Valve’s new Steam revenue split favors big titles over indies

Steam

Valve has announced its new revenue splitting scheme, and the rates get better for larger titles, which Valve says will help keep Steam an “attractive platform” for big developers.

In an announcement posted yesterday, Valve employee ‘Erik.P’ described Steam’s new revenue share tiers. Once a game makes $10 million USD, revenues will be split such that 75% goes to the developer, and 25% goes to Valve. Once it reaches $50 million in total sales, the split adjusts to 80/20%. While the baseline split isn’t covered in the post, Steam Spy assumes it’s set to 70/30 for games that have made less than $10 million.

The revenue calculation for a game includes its base package, all DLC, in-game transactions, and Community Marketplace fees collected.

“Our hope is this change will reward the positive network effects generated by developers of big games, further aligning their interests with Steam and the community,” the post reads.

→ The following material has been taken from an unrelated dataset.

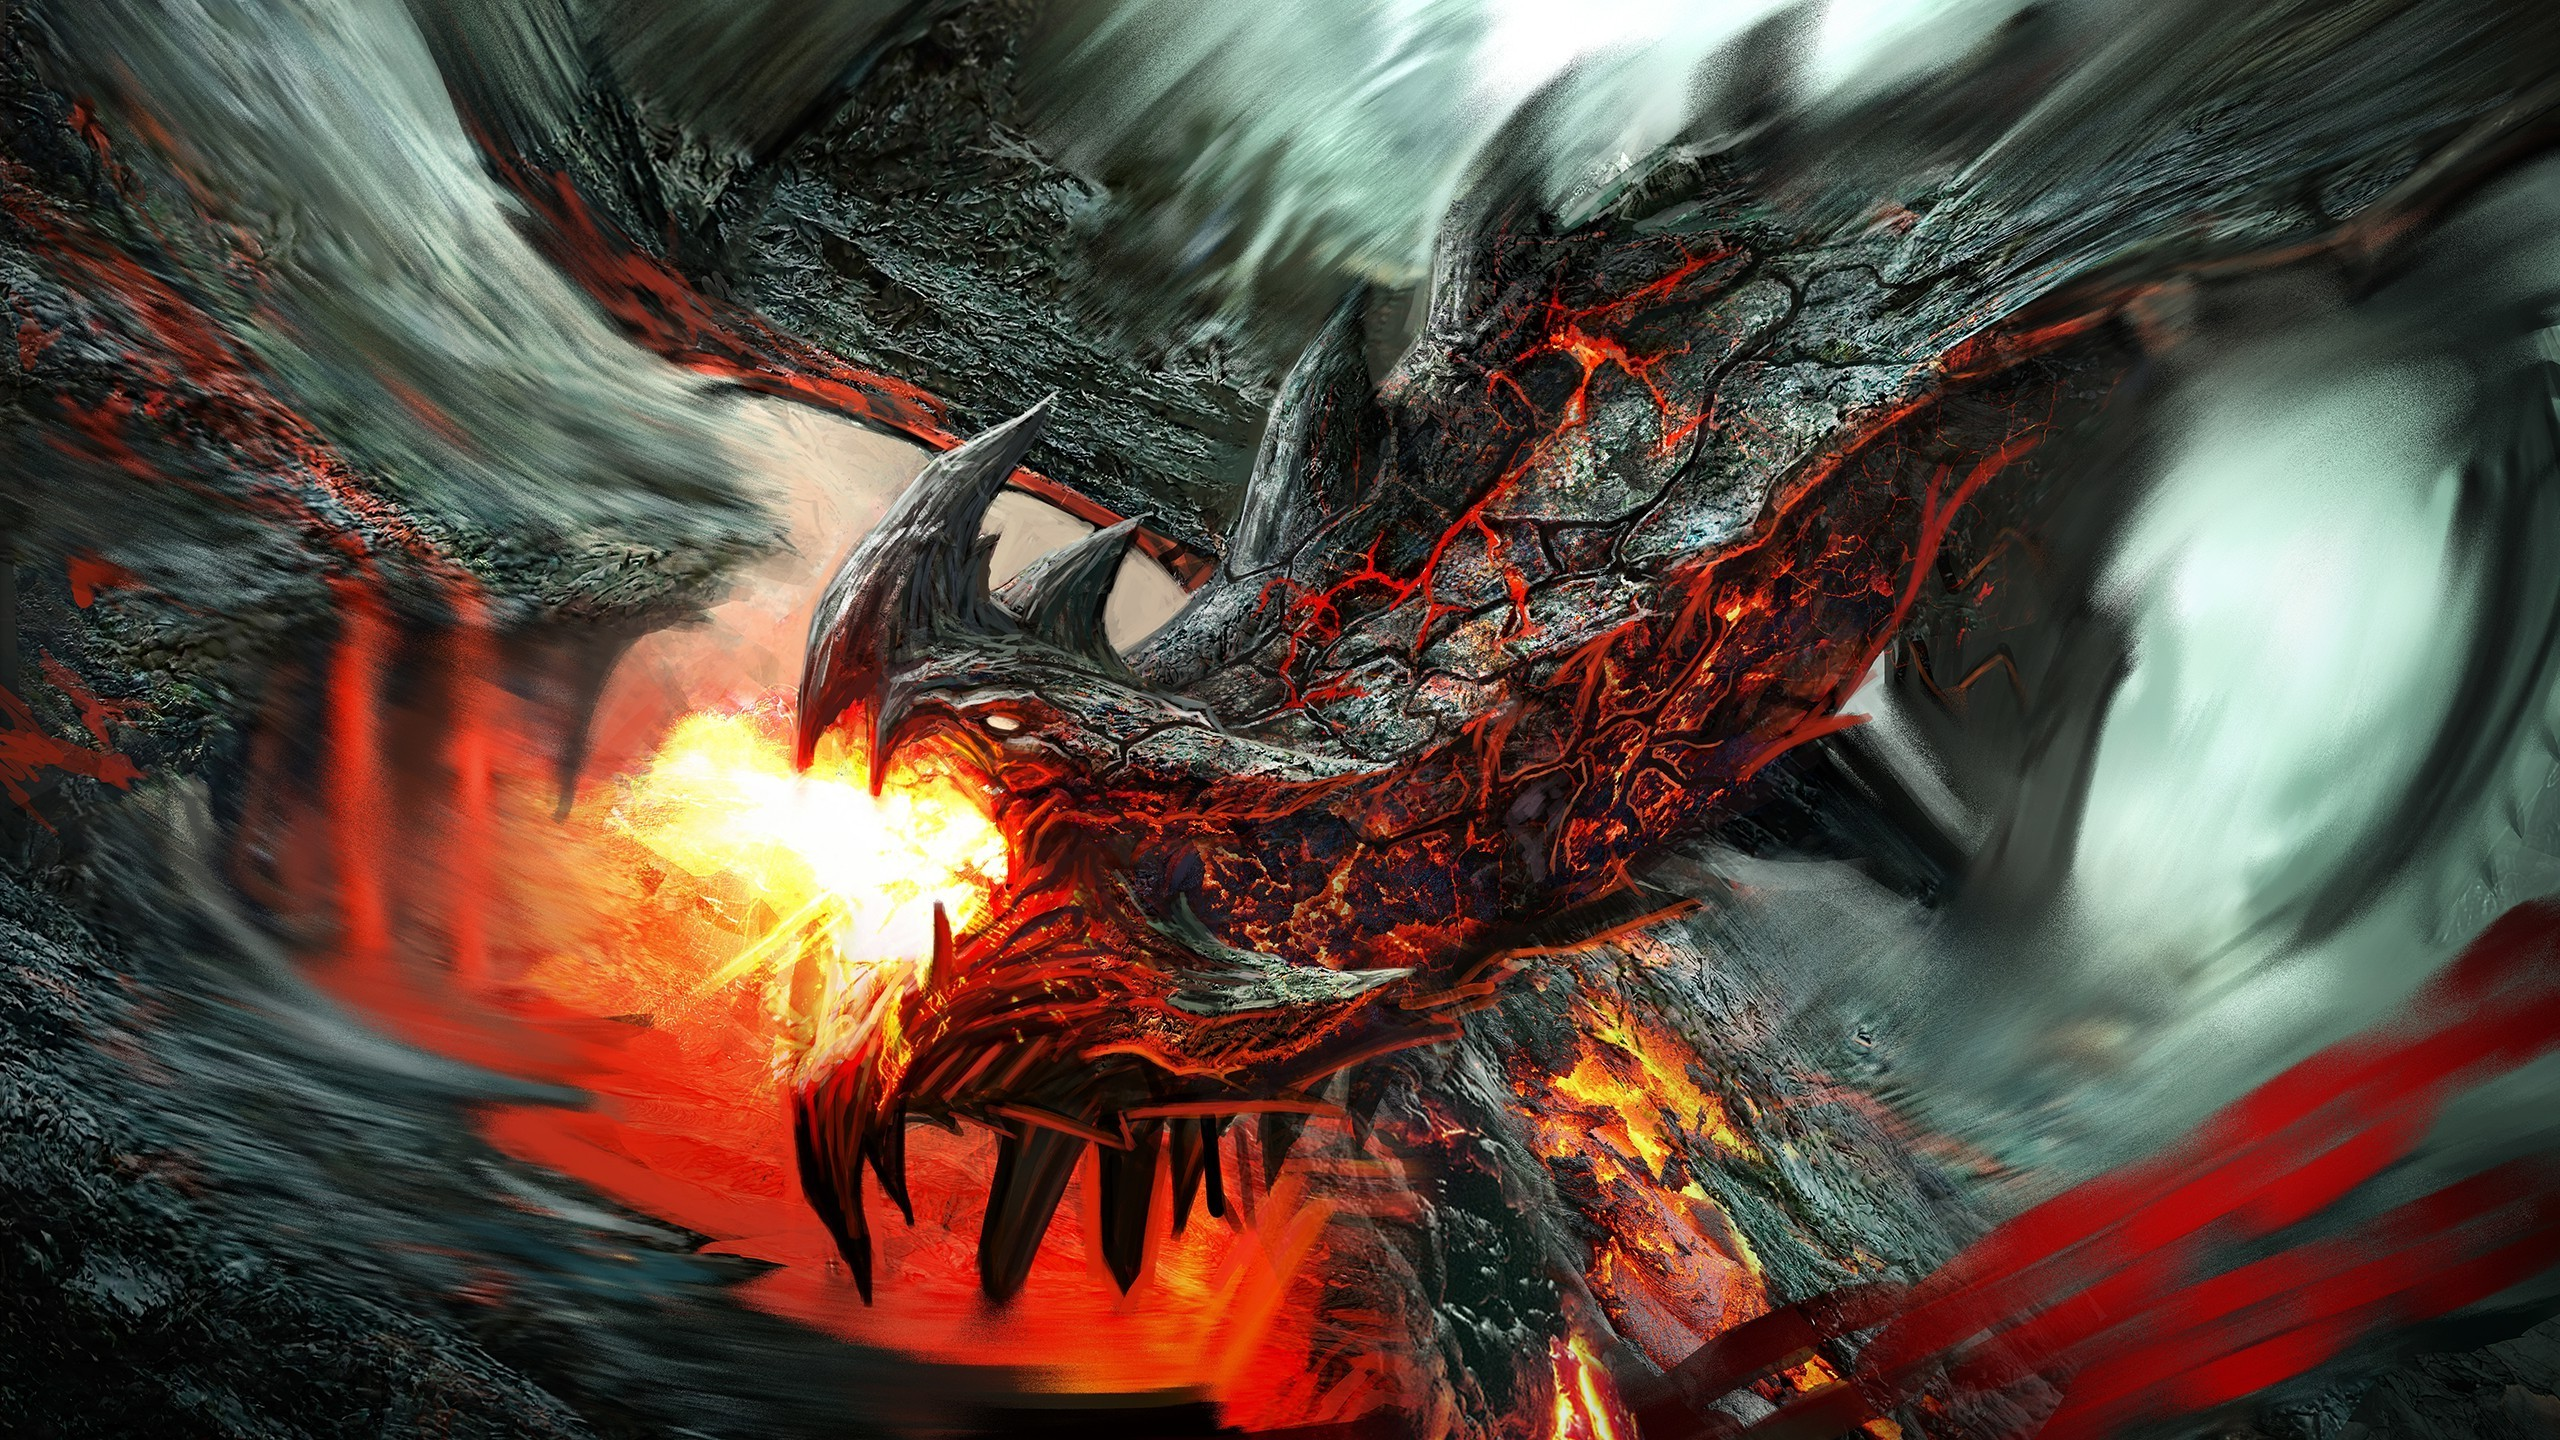 . PlusPng.com Fire breathing lava dragon HD Wallpaper 2560x1440 - Fire Breathing Dragon PNG HD

The more generous splits for big-selling games makes it seem as though smaller developers are getting the short end of the stick, but Valve’s theory is that keeping big games on the platform by offering bigger incentives will help buoy sales for smaller titles – that’s the “positive network effects” Valve mentioned in the post. The more people using a network, the more valuable the network becomes for every member – so goes the theory, at least.

Over the last few years, big publishers like EA, Ubisoft, and most recently Bethesda have launched their own distribution platforms and launchers so as to avoid the sharing games revenues with Valve.

Jonathan Blow, the developer behind indie hits Braid and The Witness, pointed out on Twitter that the $10 million threshold for a better split doesn’t preclude indie games. “The Witness will probably get into this territory during its lifetime, so a bunch of games that were bigger hits than that certainly would,” he said.

Valve also said it has updated some of the language in the Steam Distribution Agreement, which governs the relationship between Valve and developers, to clear up some confusion about which data developers can share with peers and the public.

“We’re updating the confidentiality provisions to make it clear that the partner can share sales data about their game as they see fit,” the post says.